“And you know, Kafka, young as he was, was possessed by the same inhibitions that plague me in my old age. They impeded him in everything he did—in sex as well as in his writing. He craved love and fled from it. He wrote a sentence and immediately crossed it out. Otto Weininger was like that, too—mad and a genius. I met him in Vienna—he spouted aphorisms and paradoxes. One of his sayings I will never forget: ‘God did not create the bedbug.’ You have to know Vienna to really understand these words. Yet who did create the bedbug?
“Ah, there’s Bamberg! Look at the way he waddles along on his short legs, a corpse refusing to rest in its grave. It might be a good idea to start a club for insomniac corpses. Why does he prowl around all night? What good are the cabarets to him? The doctors gave him up years ago when we were still in Berlin. Not that it prevented him from sitting in the Romanisches Café until four o’clock in the morning, chatting with the prostitutes. Once, Granat, the actor, announced that he was giving a party—a real orgy—at his house, and among others he invited Bamberg. Granat instructed each man to bring a lady—either his wife or a friend. But Bamberg had neither wife nor mistress, and so he paid a harlot to accompany him. He had to buy her an evening dress for the occasion. The company consisted exclusively of writers, professors, philosophers, and the usual intellectual hangers-on. They all had the same idea as Bamberg—they hired prostitutes. I was there, too. I escorted an actress from Prague, whom I had known a long time. Do you know Granat? A savage. He drinks cognac like soda water, and can eat an omelette of ten eggs. As soon as the guests arrived, he stripped and began dancing madly around with the whores, just to impress his highbrow visitors. At first, the intellectuals sat on chairs and stared. After a while, they began to discuss sex. Schopenhauer said this … Nietzsche said that. Anyone who hadn’t witnessed it would find it difficult to imagine how ridiculous such geniuses can be. In the midst of it all, Bamberg was taken ill. He turned as green as grass and broke out in a sweat. ‘Jacques,’ he said, ‘I’m finished. A good place to die.’ He was having a kidney or a gall-bladder attack. I half carried him out and got him to a hospital. By the way, can you lend me a zloty?”
“Two.”
“What! Have you robbed Bank Polski?”
“I sold a story.”
“Congratulations. Let’s have supper together. You will be my guest.”
II
While we were eating, Bamberg came over to our table. He was a little man, emaciated as a consumptive, bent over and bowlegged. He was wearing patent-leather shoes, and spats. On his pointed skull lay a few gray hairs. One eye was larger than the other—red, bulging, frightened by its own vision. He leaned against our table on his bony little hands and said in his cackling voice, “Jacques, yesterday I read your Kafka’s Castle. Interesting, very interesting, but what is he driving at? It’s too long for a dream. Allegories should be short.”

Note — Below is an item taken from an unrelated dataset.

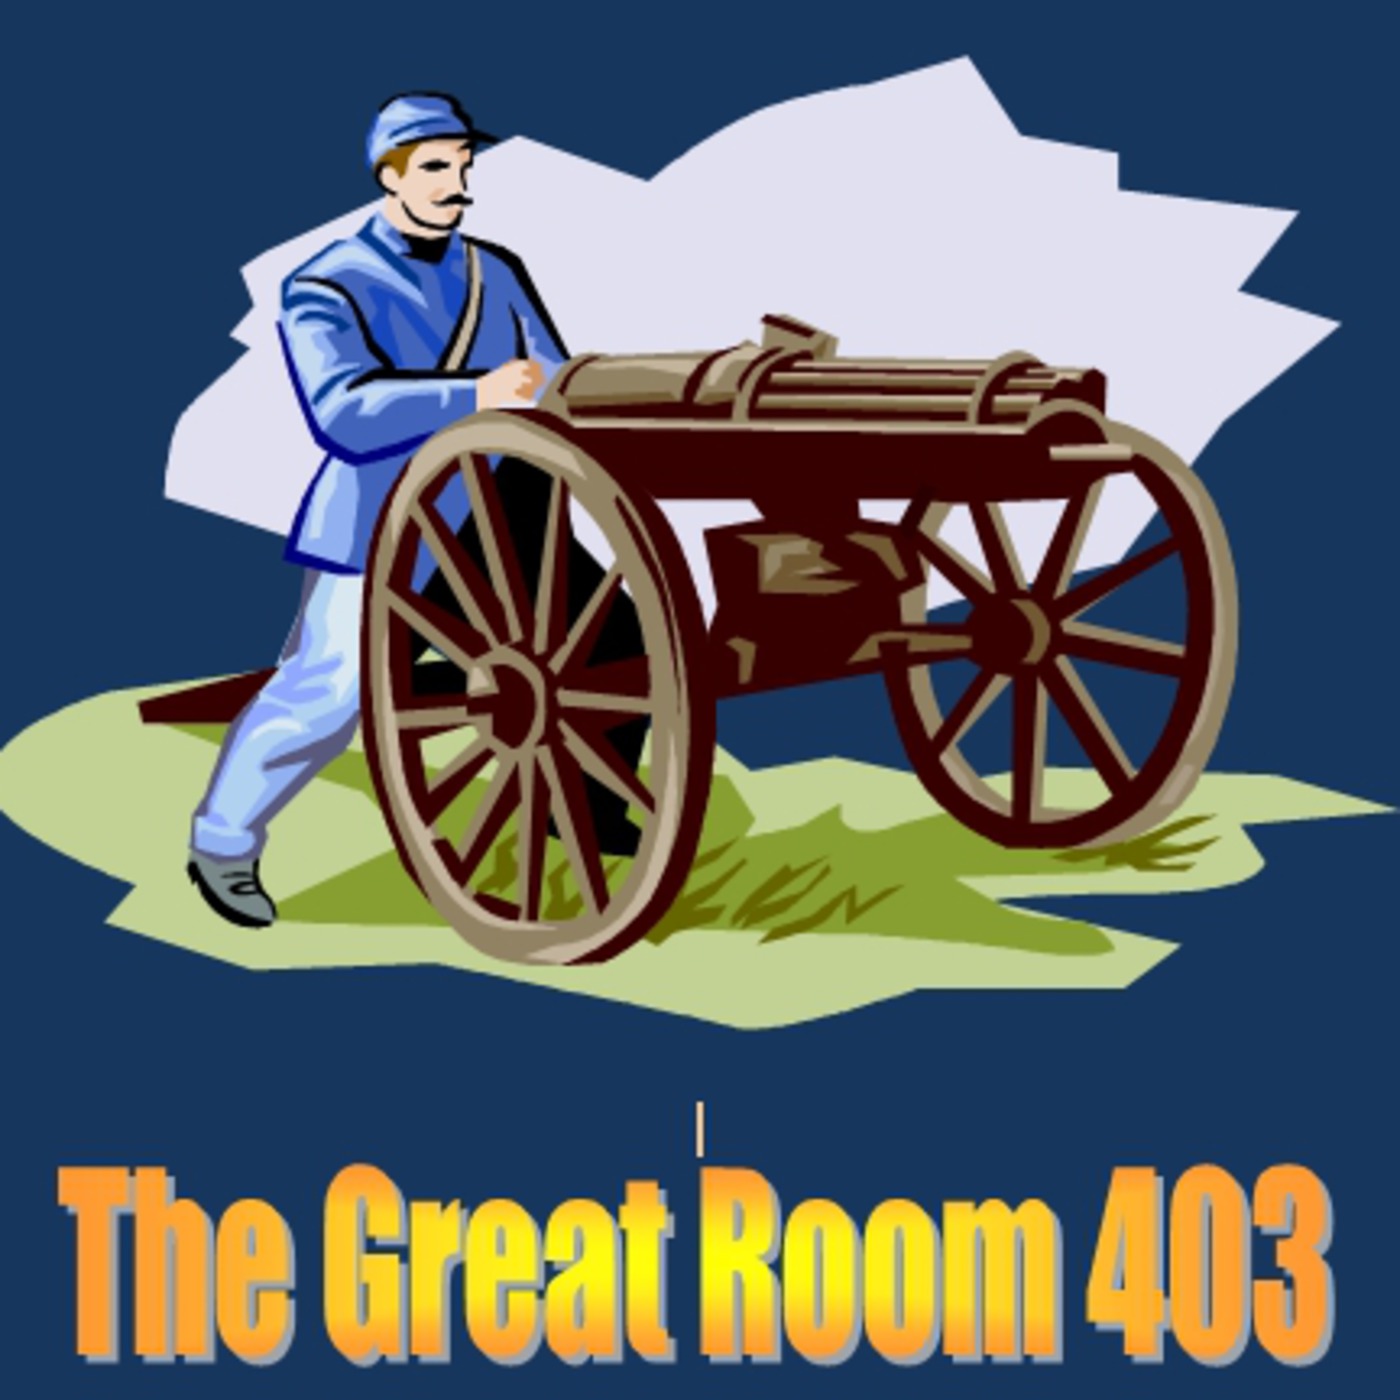 The Great Room 403: The Civil War

Jacques Kohn quickly swallowed the food he was chewing. “Sit down,” he said. “A master does not have to follow the rules.”
“There are some rules even a master must follow. No novel should be longer than War and Peace. Even War and Peace is too long. If the Bible consisted of eighteen volumes, it would long since have been forgotten.”

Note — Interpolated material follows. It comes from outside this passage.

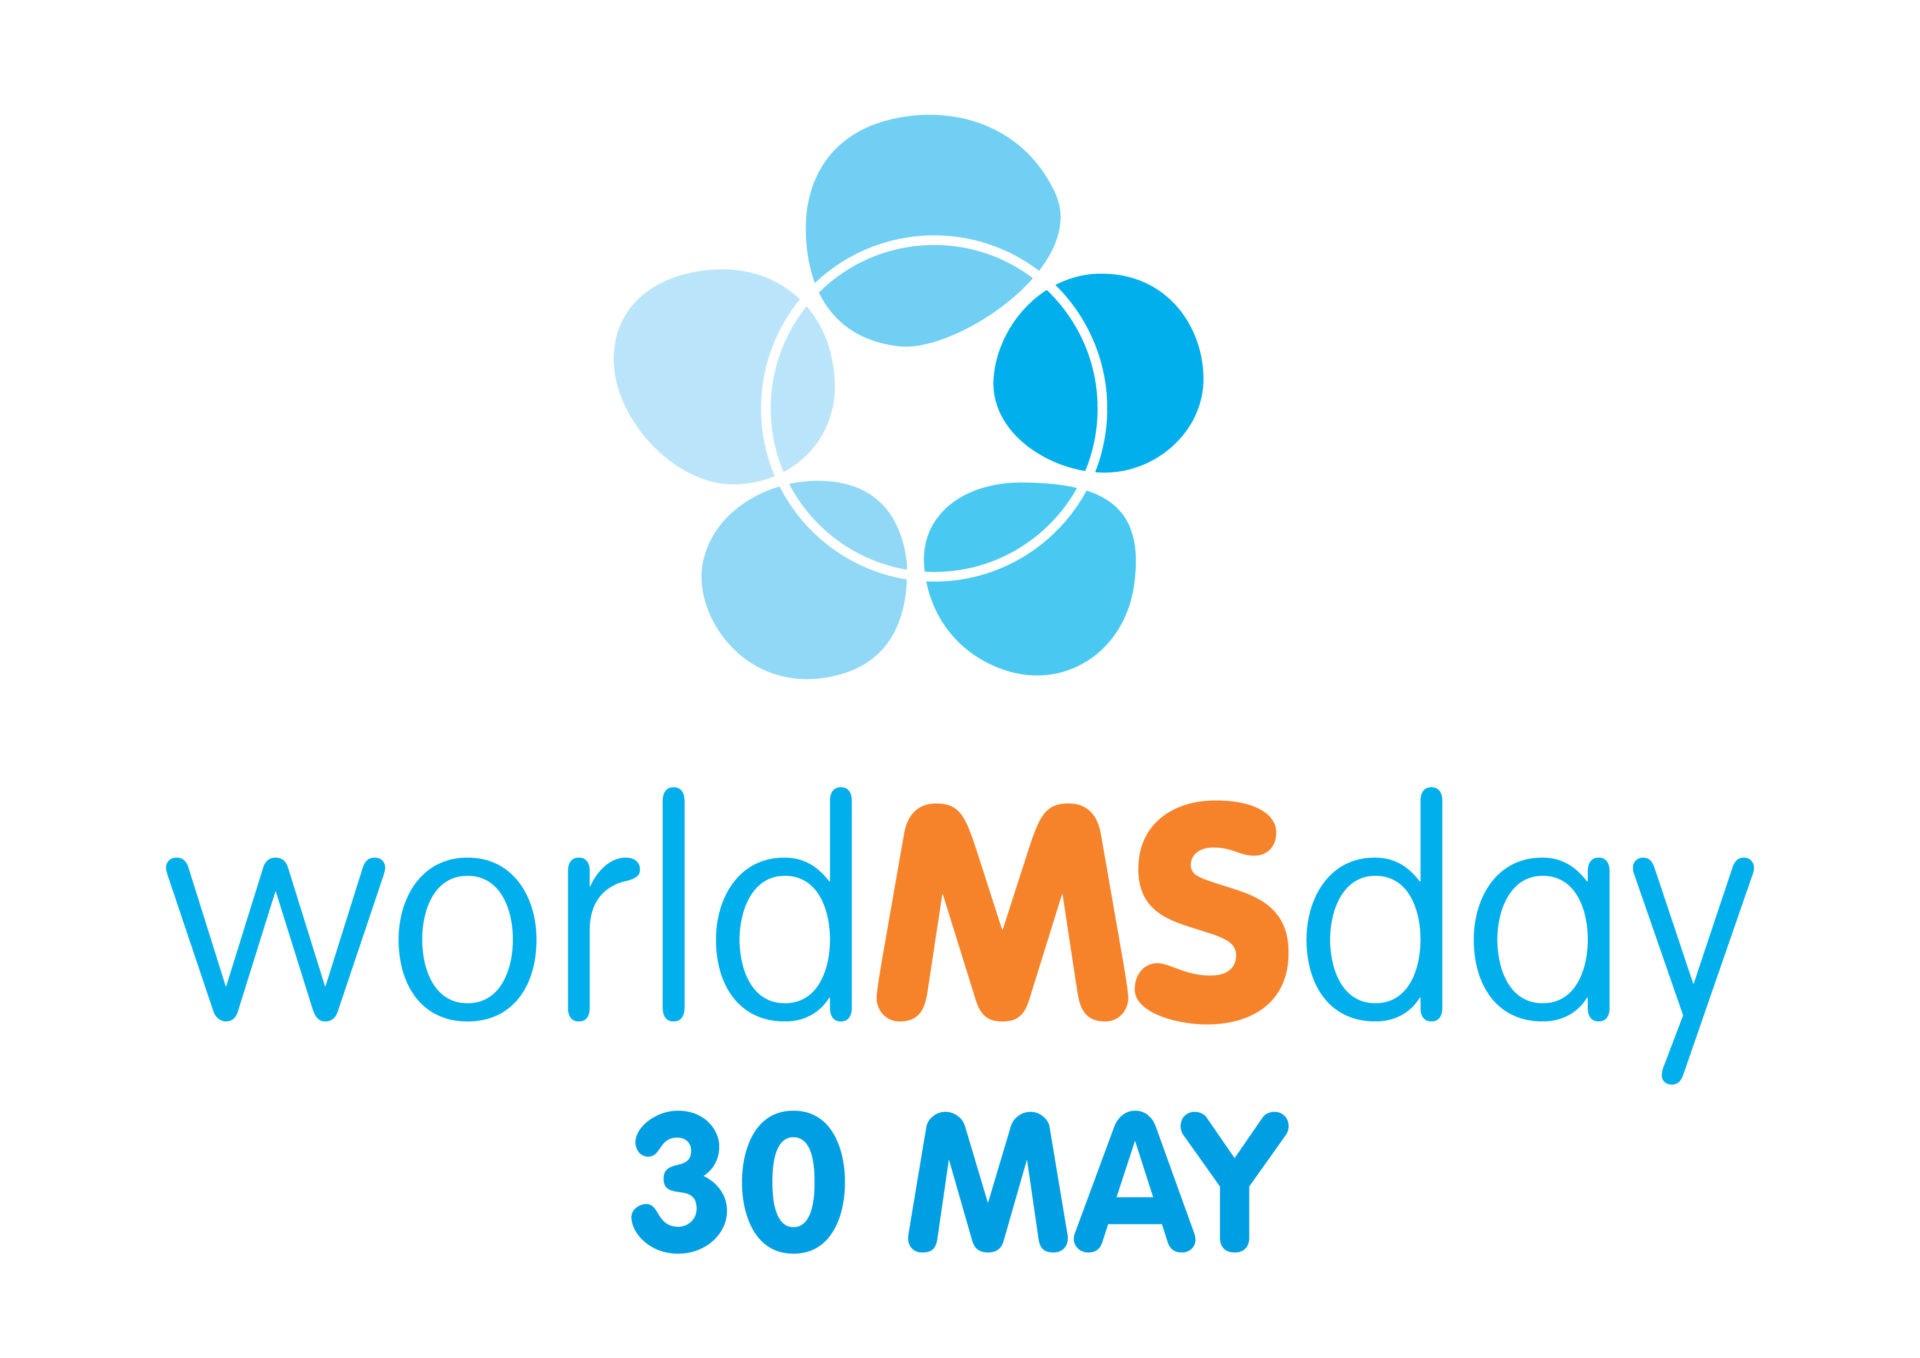 World MS day is celebrated on the 30th of May

“The Talmud has thirty-six volumes, and the Jews have not forgotten it.”
“Jews remember too much. That is our misfortune. It is two thousand years since we were driven out of the Holy Land, and now we are trying to get back in. Insane, isn’t it? If our literature would only reflect this insanity, it would be great. But our literature is uncannily sane. Well, enough of that.”
Bamberg straightened himself, scowling with the effort. With his tiny steps, he shuffled away from the table. He went over to the gramophone and put on a dance record. It was known in the writers’ club that he had not written a word in years. In his old age, he was learning to dance, influenced by the philosophy of his friend Dr. Mitzkin, the author of The Entropy of Reason. In this book Dr. Mitzkin attempted to prove that the human intellect is bankrupt and that true wisdom can only be reached through passion.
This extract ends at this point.